Dit popje heeft een vrolijke en een minder vrolijke kant en kan dus emoties duidelijk maken.
De afgeknipte tenen van oude sportsokken opvullen en dichtbinden. Teken (of plak) er een vrolijk en een kwaad, of sjagrijnig, of verdrietig gezicht op.
Plak er een houtje tussen wat 2x zo lang is als een kop hoog. Steek het houtje met plaksel ongeveer tot halverwege de kop. Wind garen om het nekje en maak haren (wol, bont, boa enz.)
Bedek het nekje met een stukje stof of vilt wat past bij de stof die je voor het jurkje gaat gebruiken, en naai vast.
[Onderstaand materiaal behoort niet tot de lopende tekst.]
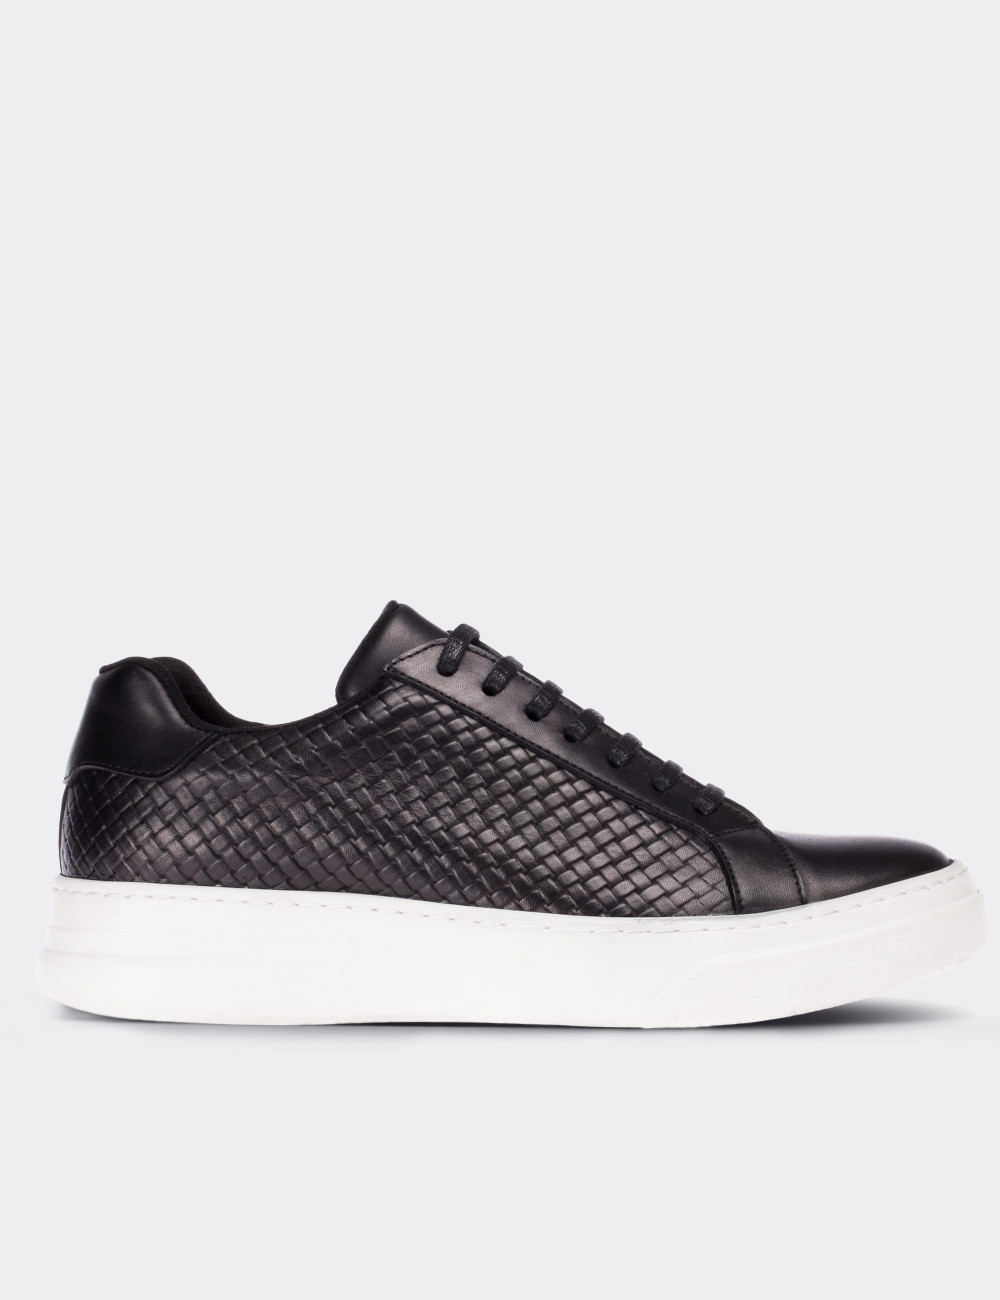 Black  Leather Sneakers - 01737MSYHP01
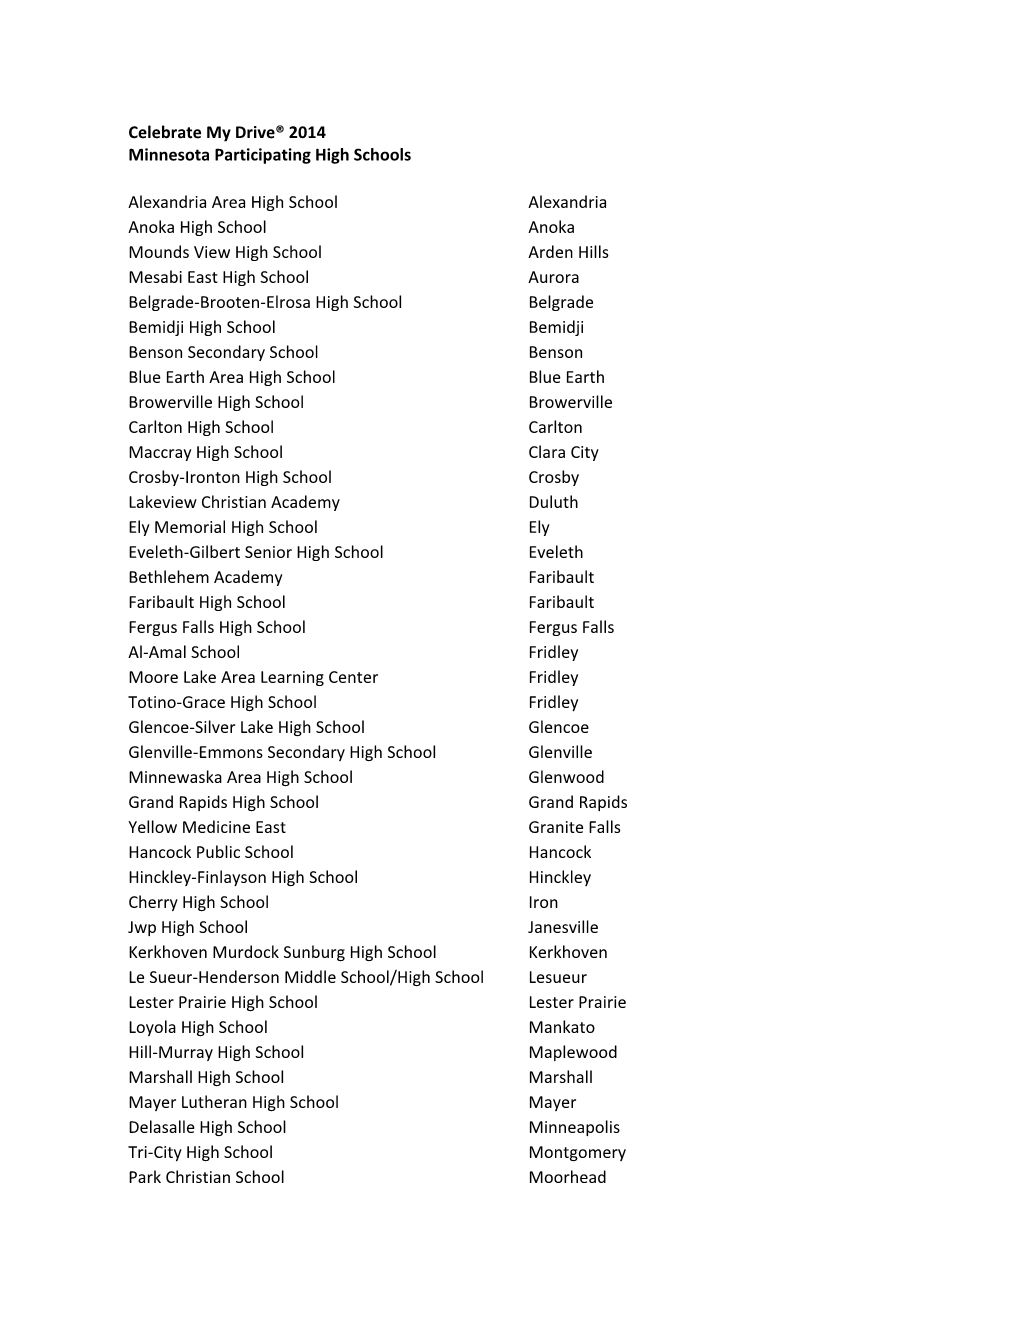 List of Participating Minnesota High Schools

Voor het jurkje knip je een rechthoek van stof die ruim 4x zo breed is als je handbreedte. Naai tot een koker, rijg en rimpel de bovenkant en naai midden op het nekje rondom vast.
ROODKAPJE OMDRAAIPOP (archief)
Dit is het enige attribuut dat Poppentheater Peterselie gebruikt bij het vertellen van het verhaal van Roodkapje.
Allereerst de hoofdpersoon: Roodkapje.
De wolf als de enge tegenspeler.
Oma, het slachtoffer.
En tenslotte de jager, die voor de (gebruikelijke) masculiene oplossing zorgt.
Peterselie vertelt het sprookje van Roodkapje met behulp van deze 4-in-1 pop, en daarna maakt iedereen in de workshop een omdraaipop, waar we ook een verhaaltje mee oefenen.
Je kunt de 4-in-1 Roodkapjepop natuurlijk gebruiken om Roodkapje op de normale manier te vertellen.....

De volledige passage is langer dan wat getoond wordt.